Volatility in oil prices is based on several factors neither producers nor consumers can control, from Mideast turmoil and war to hurricanes in the Gulf of Mexico to the most recent variable, the pending shutdown and repair of an Alaskan oil pipeline supplying 8 percent of the nation’s daily oil production.

But what consumers can control whenever the latest price-affecting event occurs is themselves. Many of the people who grumble the most about price hikes are the first in line at the gas station topping off their tanks, which only exacerbates the situation and saves them precious few dollars, given that such behavior is virtually guaranteed to result in higher pump prices the next time they pull in.

The repair of the pipeline, which necessitates the shutdown of BP Exploration Alaska Inc.’s production of 400,000 barrels per day, could raise pump prices by up to 10 cents a gallon and cause oil prices to rise by up to $10 per barrel, analysts told the Associated Press.

That’s not counting any panic buying on our part.

When an Arizona pipeline shut down for several days in August 2003, consumers embarked on an orgy of tank-topping that resulted in station after station running out of gasoline, creating long lines for it at the few stations that had any. Last year’s Gulf Coast hurricane devastation led to similar, though not quite as pronounced, panic buying.

Tied as it is to global demand and strife in oil-producing areas of the Middle East and Africa, this nation’s oil future will remain on edge until long-term solutions through new exploration and new refineries are found and implemented.

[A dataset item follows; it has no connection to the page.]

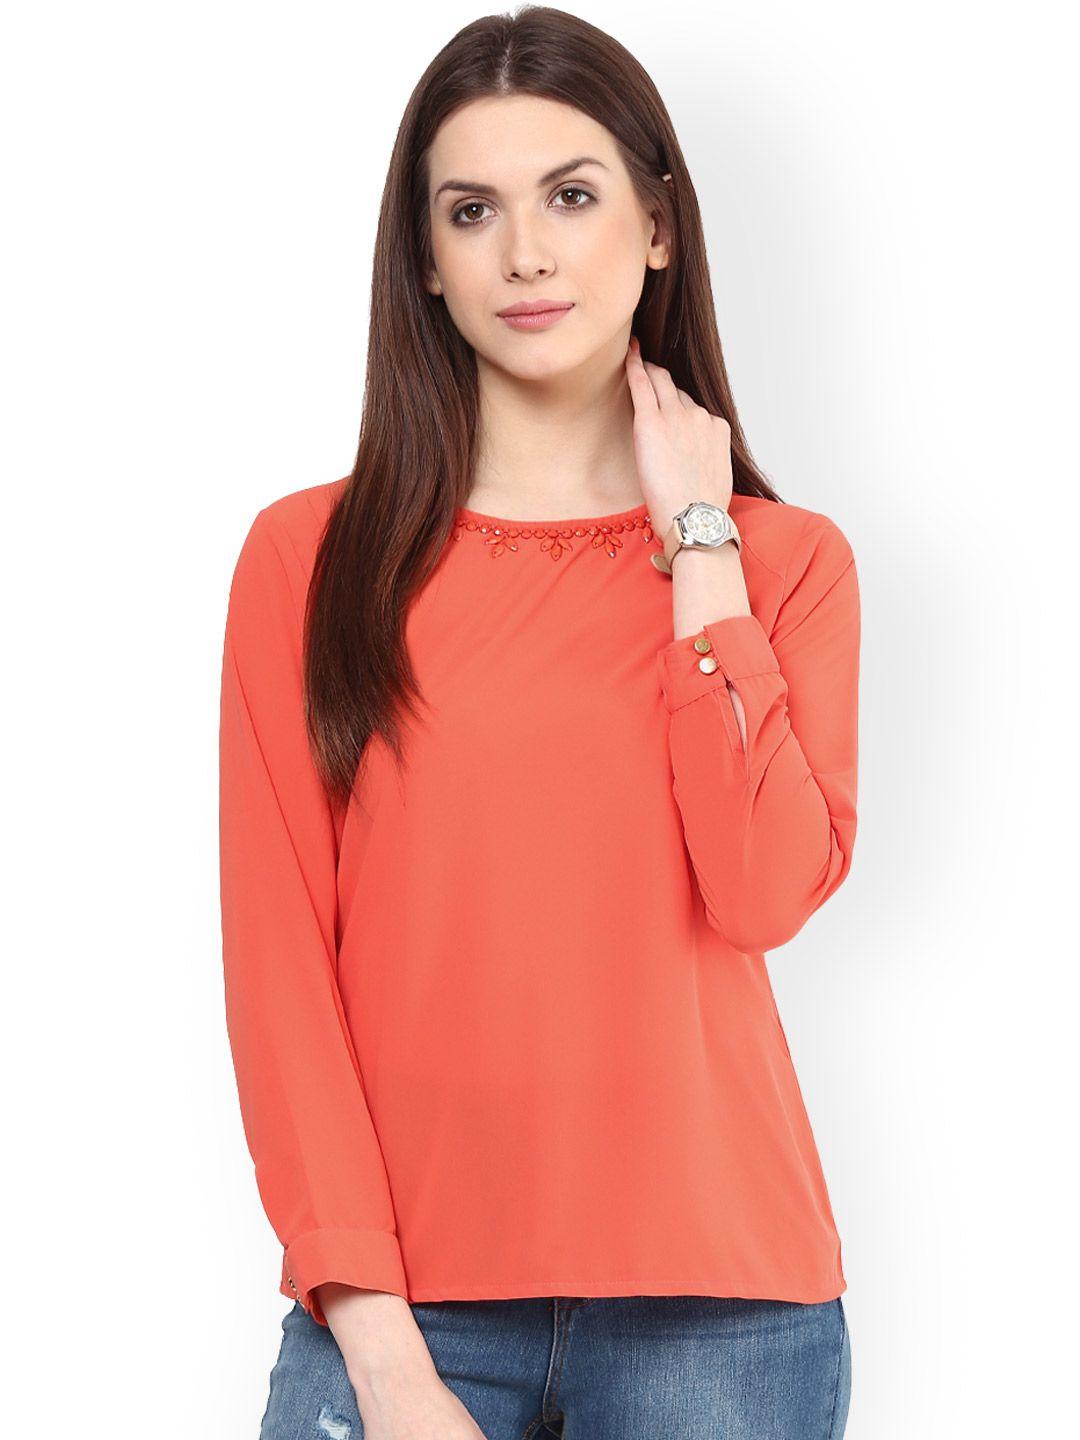 rare-coral-orange-georgette-top-with-embellished-detail
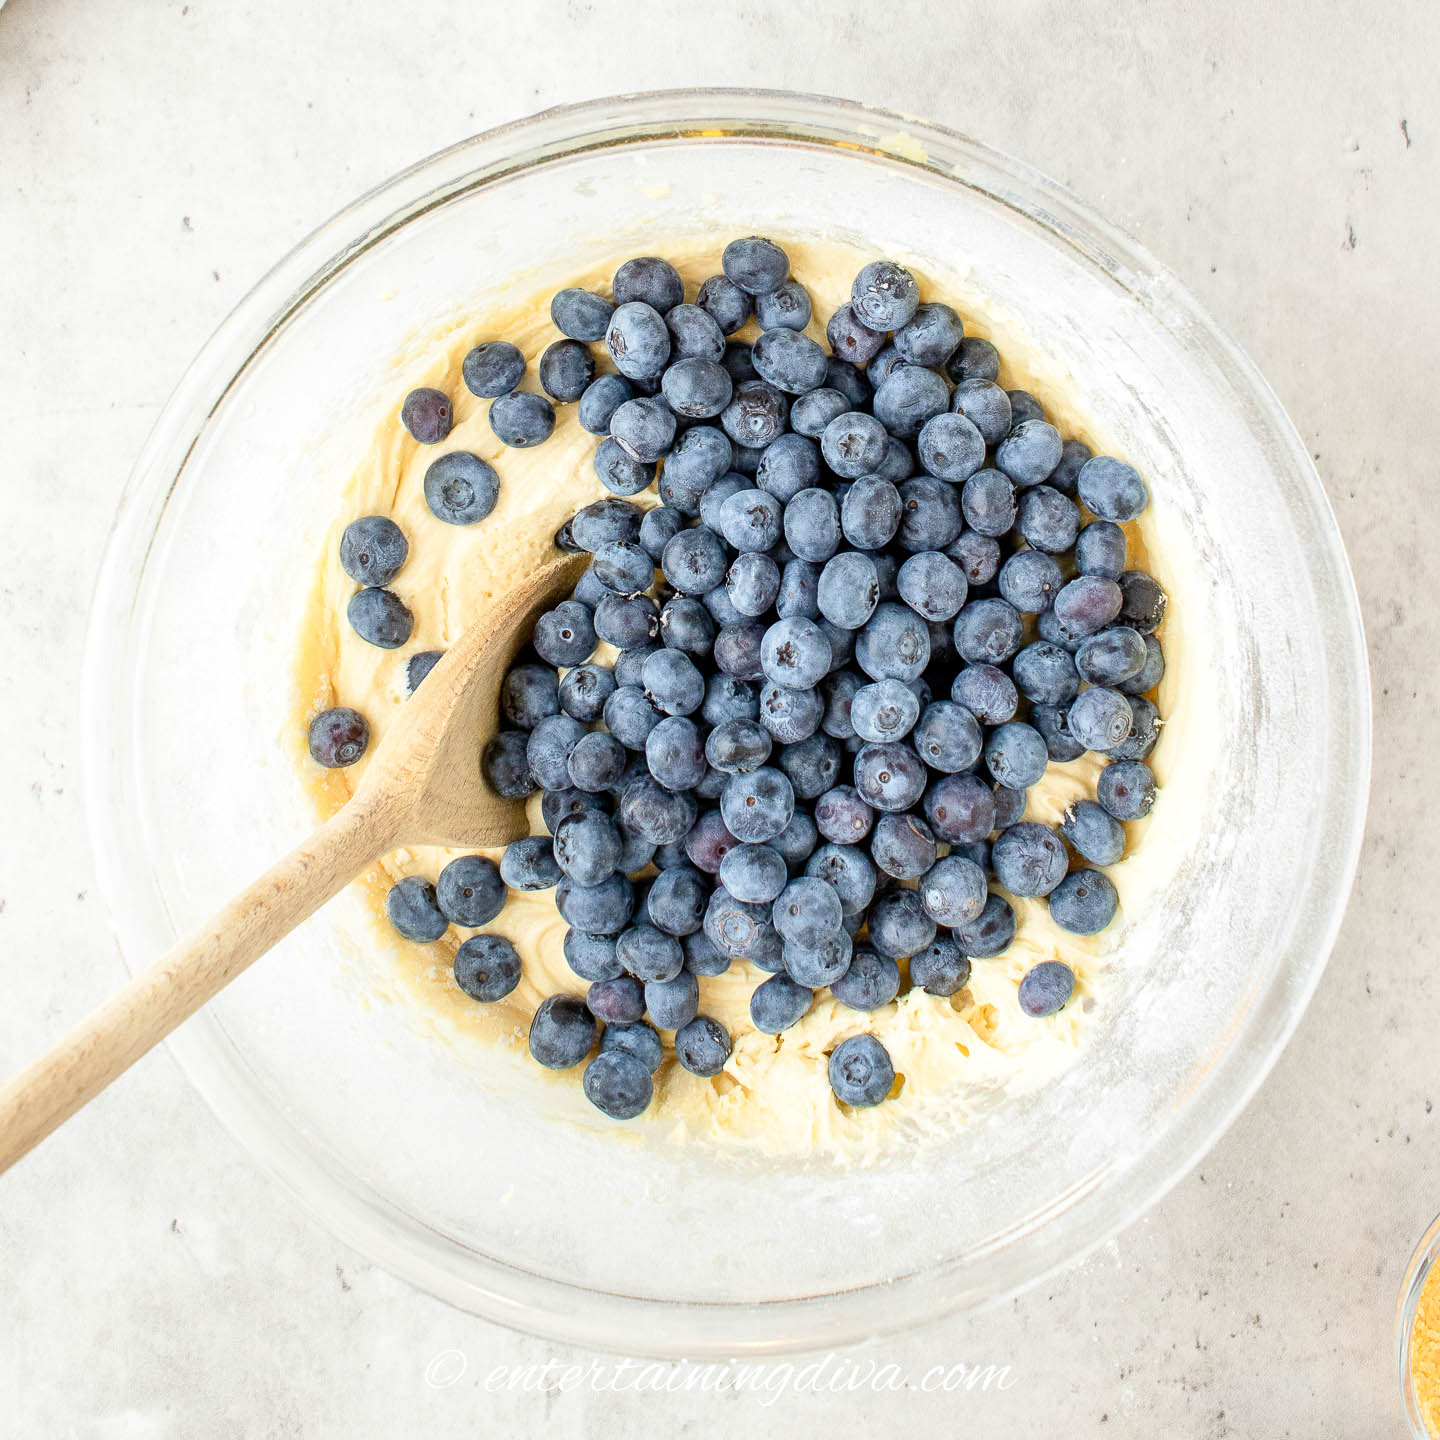 muffin batter with blueberries in a bowl

Meanwhile, as painful as market-based higher prices are, they do help to temper the demand, allowing for more product to be available for more people. What many consumers cry out for during steep price rises, government-set prices, only would encourage higher demand for gasoline that isn’t there, leading to shortages and empty pumps — and long lines at the fewer places where there is gasoline.

What we can do as consumers is keep our vehicles in their most efficient working order, combine tasks that require us to drive and eliminate unnecessary trips. The gasoline price levels we would thereby be helping to stabilize are no one’s creation but our own.